▸ **Exercise requirements**:
Take the lines below from the one with "A group of Filipino" through the one with "Powertec 128030 12-1/2-Inch" and retype them exactly. Include nothing else, and no pictures.

▸ **Task input**:
⟨

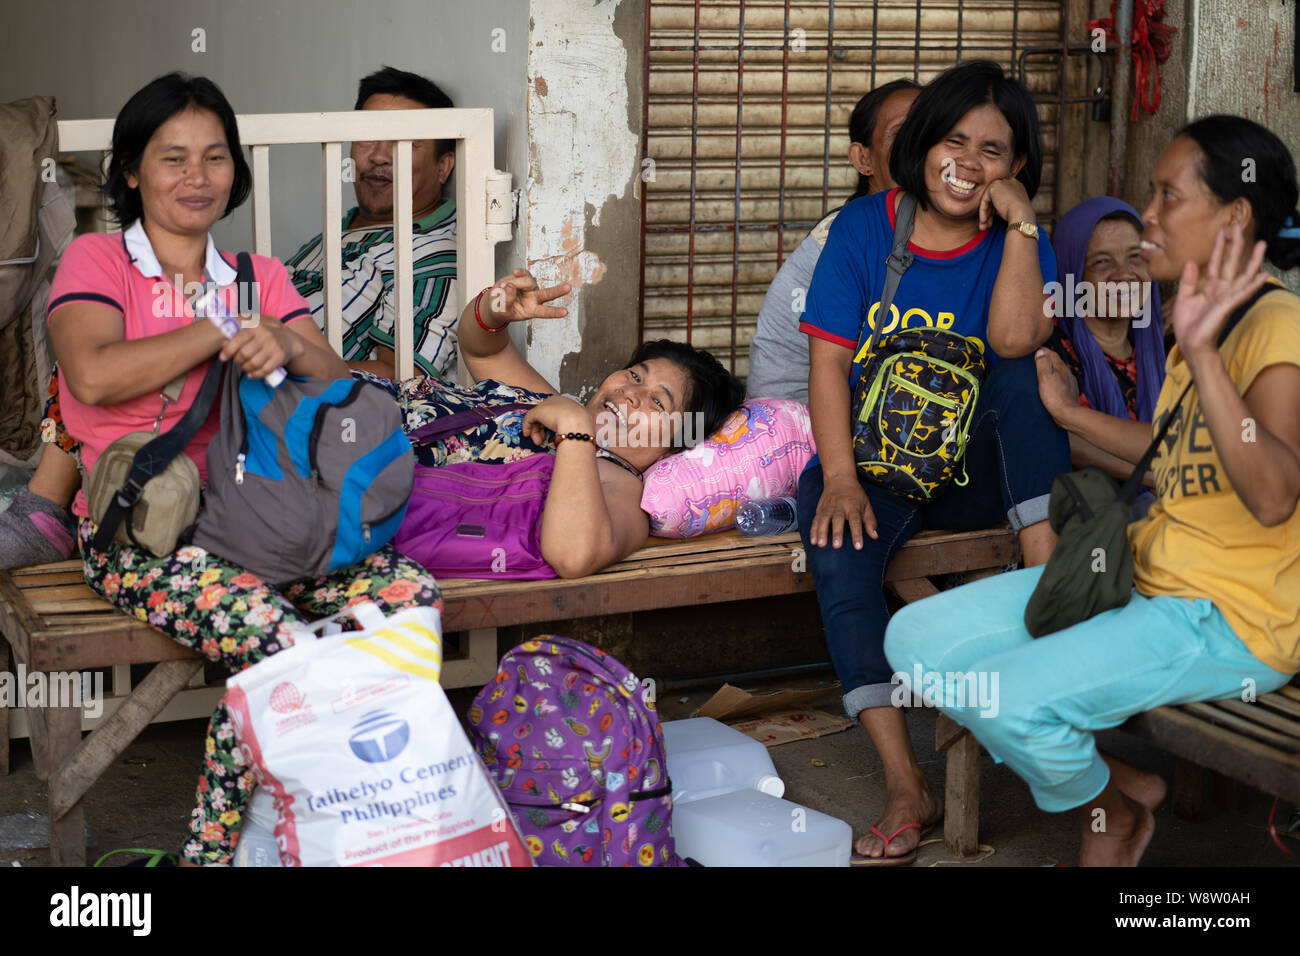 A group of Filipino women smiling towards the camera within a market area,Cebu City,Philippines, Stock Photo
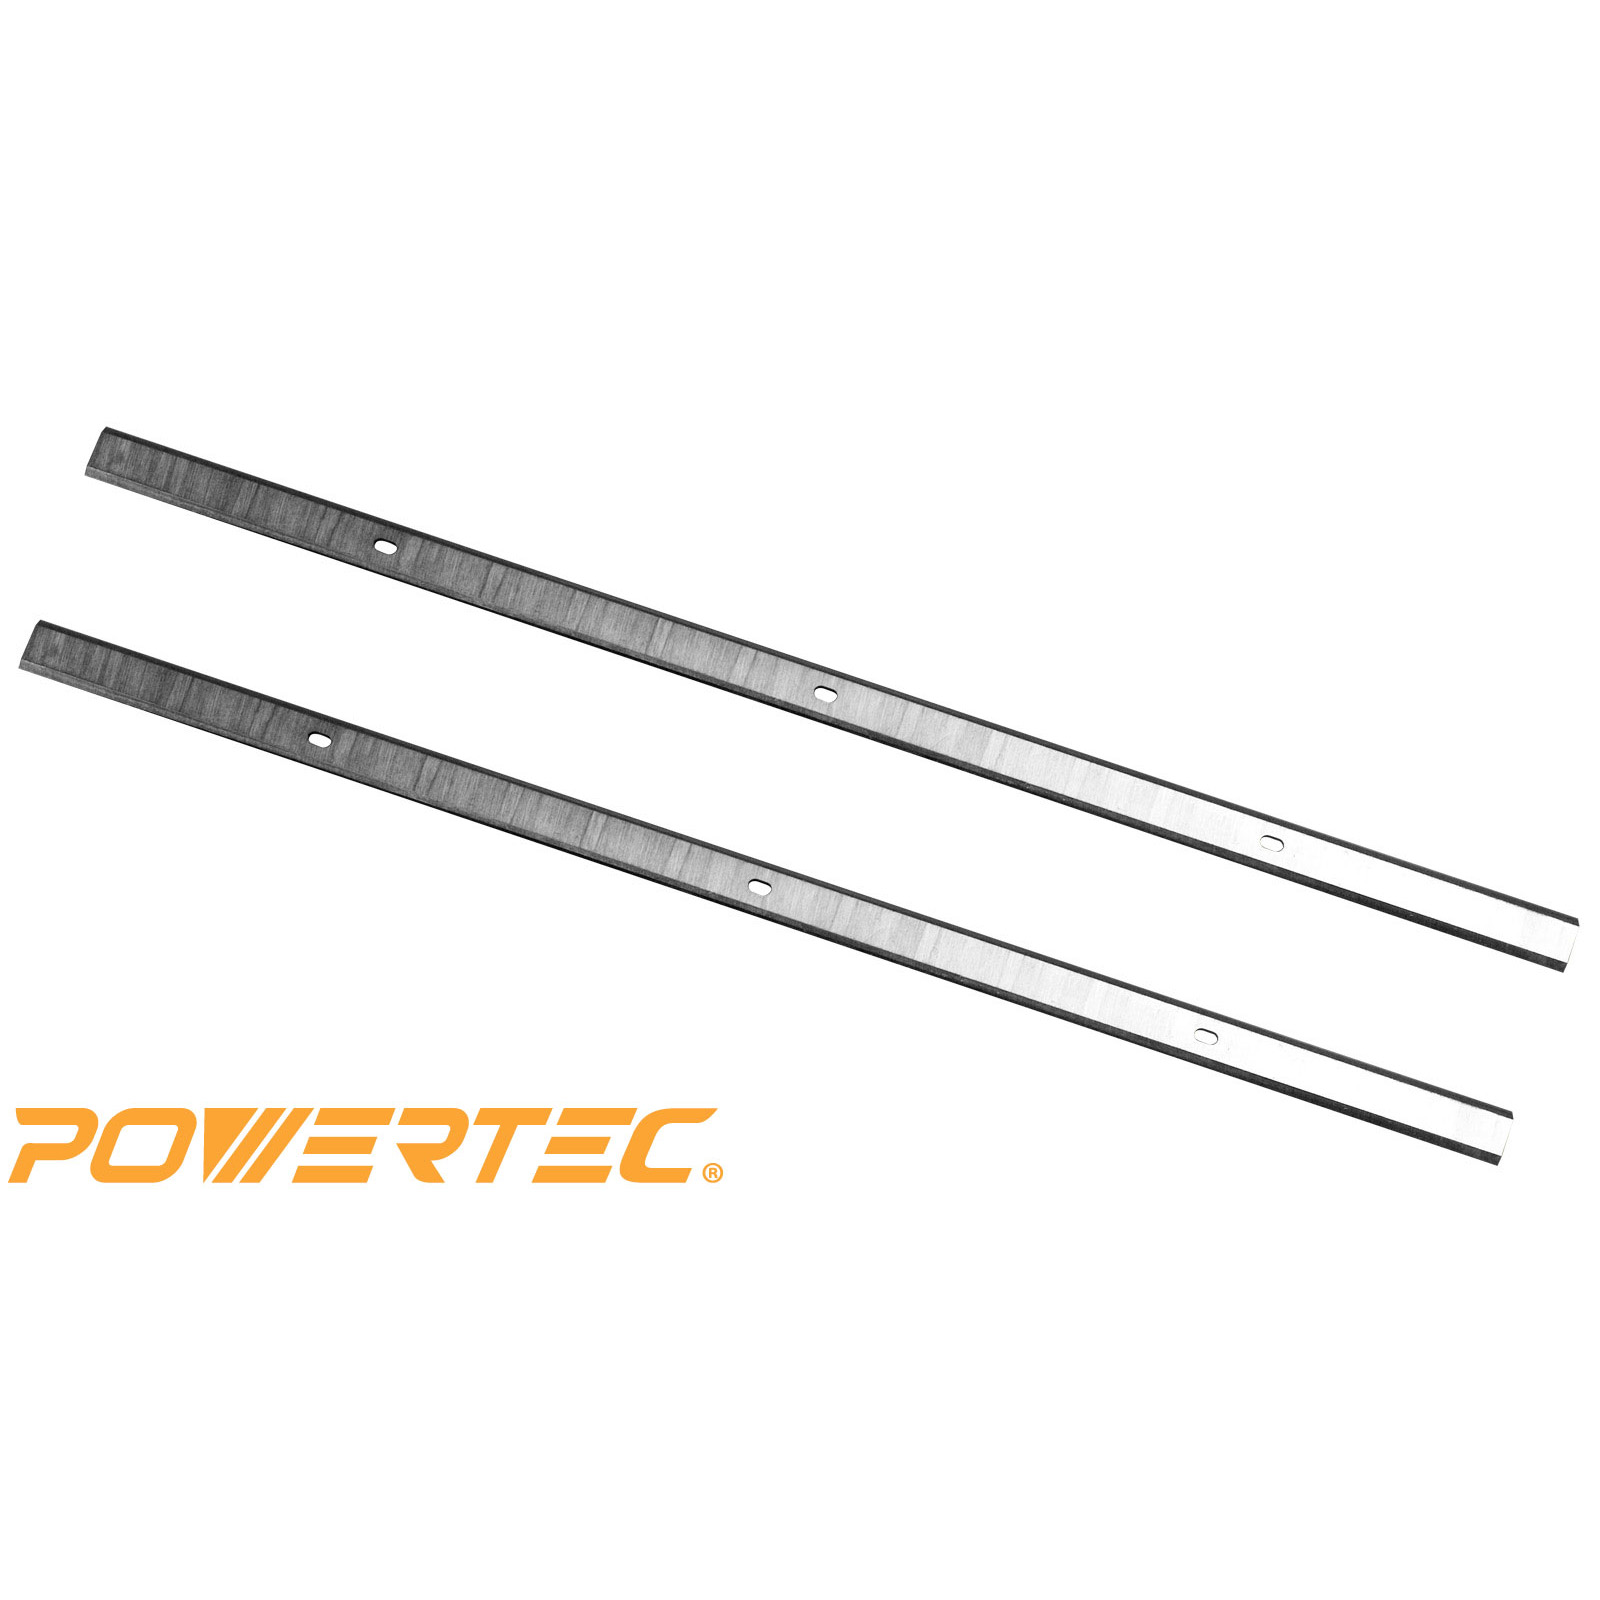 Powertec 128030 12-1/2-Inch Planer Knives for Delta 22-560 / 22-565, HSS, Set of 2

⟩
⟨

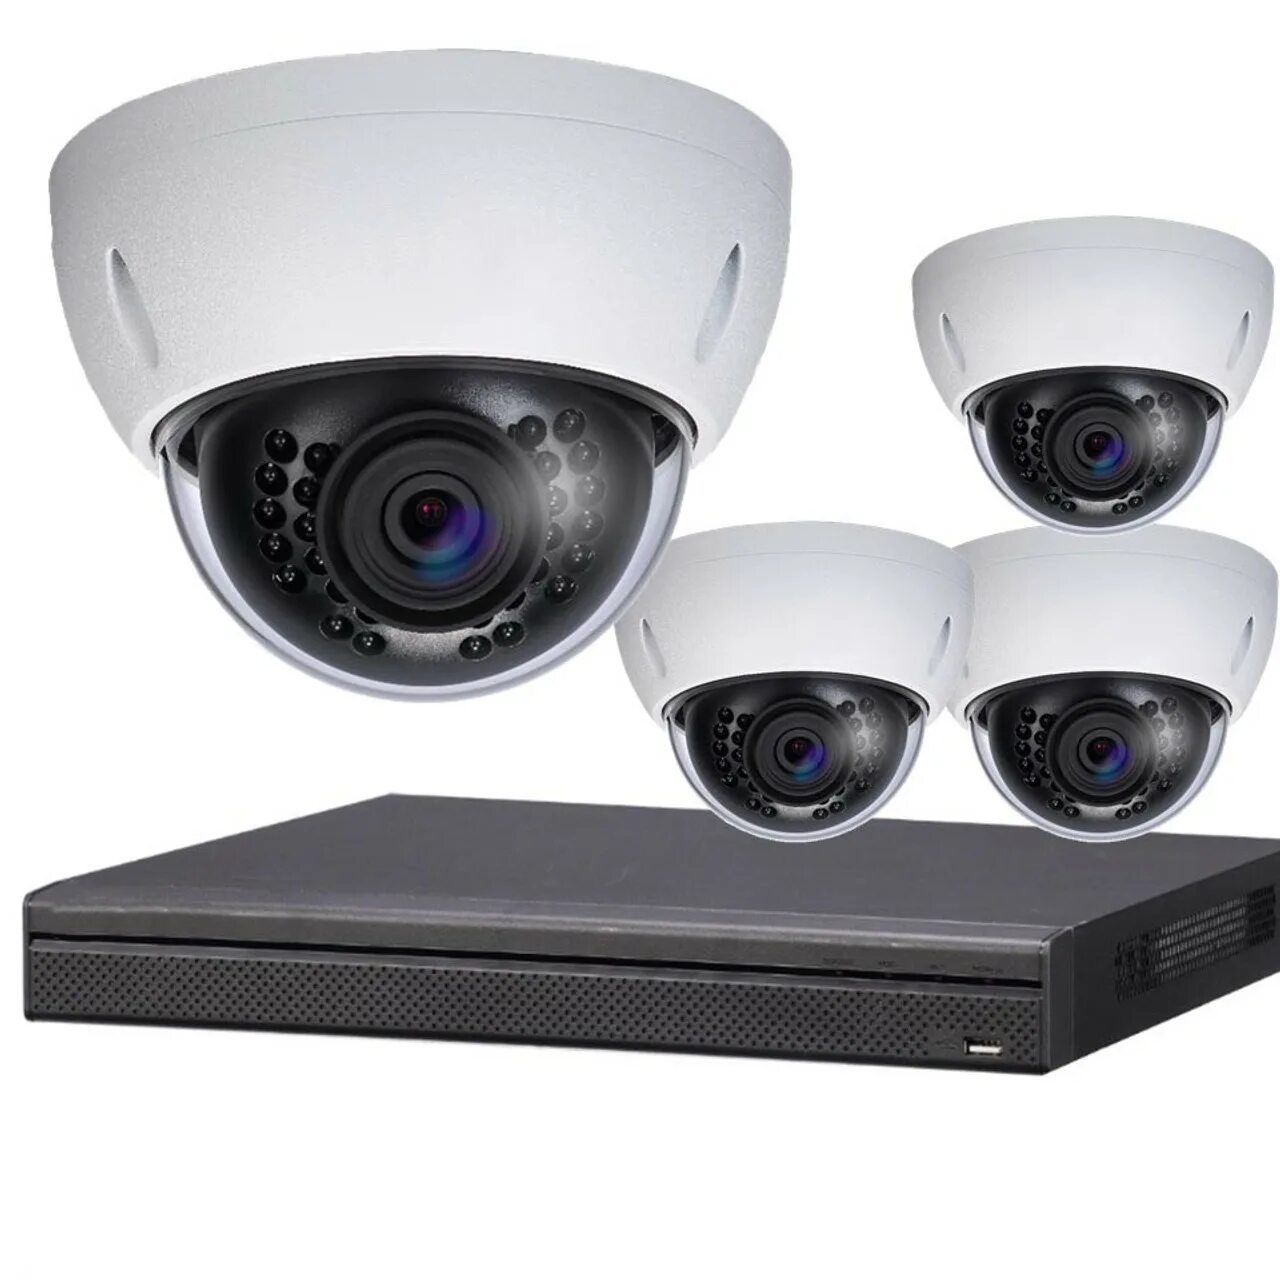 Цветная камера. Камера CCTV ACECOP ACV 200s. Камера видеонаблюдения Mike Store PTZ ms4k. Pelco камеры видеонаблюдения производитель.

⟩
⟨

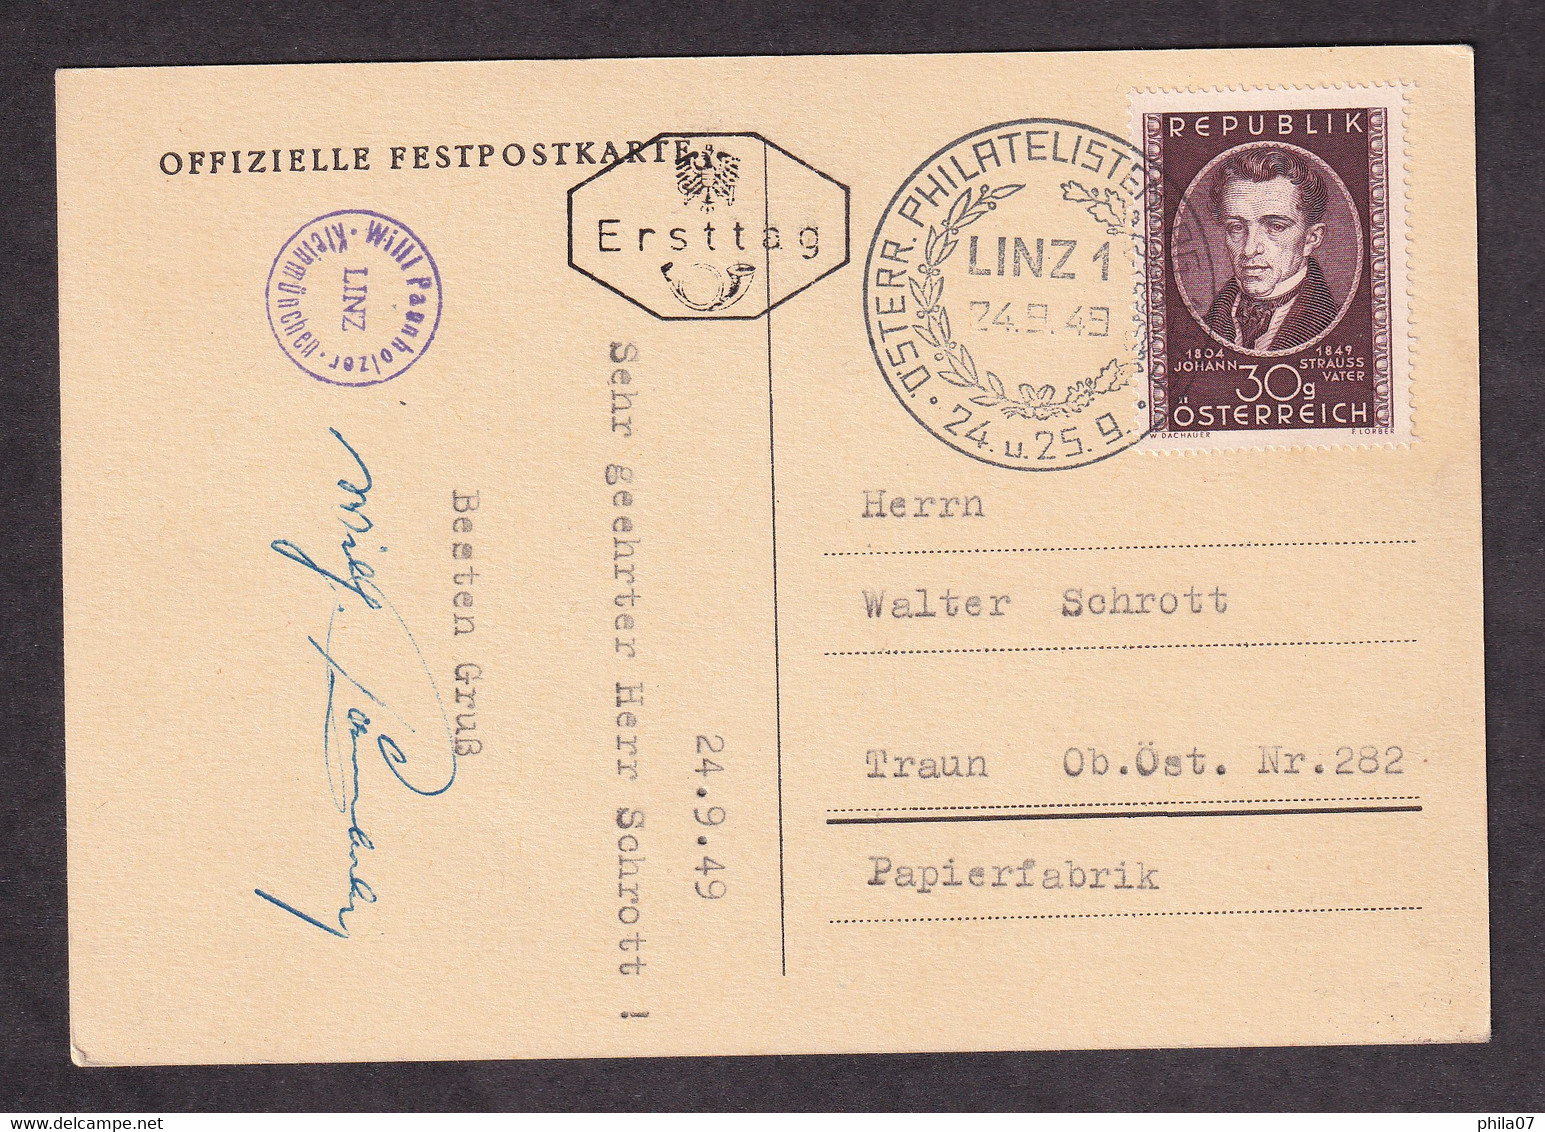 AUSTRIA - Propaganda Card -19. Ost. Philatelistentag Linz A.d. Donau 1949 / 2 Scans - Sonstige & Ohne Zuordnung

⟩

▸ **Response**:
 A group of Filipino women smiling towards the camera within a market area,Cebu City,Philippines, Stock Photo
 Powertec 128030 12-1/2-Inch Planer Knives for Delta 22-560 / 22-565, HSS, Set of 2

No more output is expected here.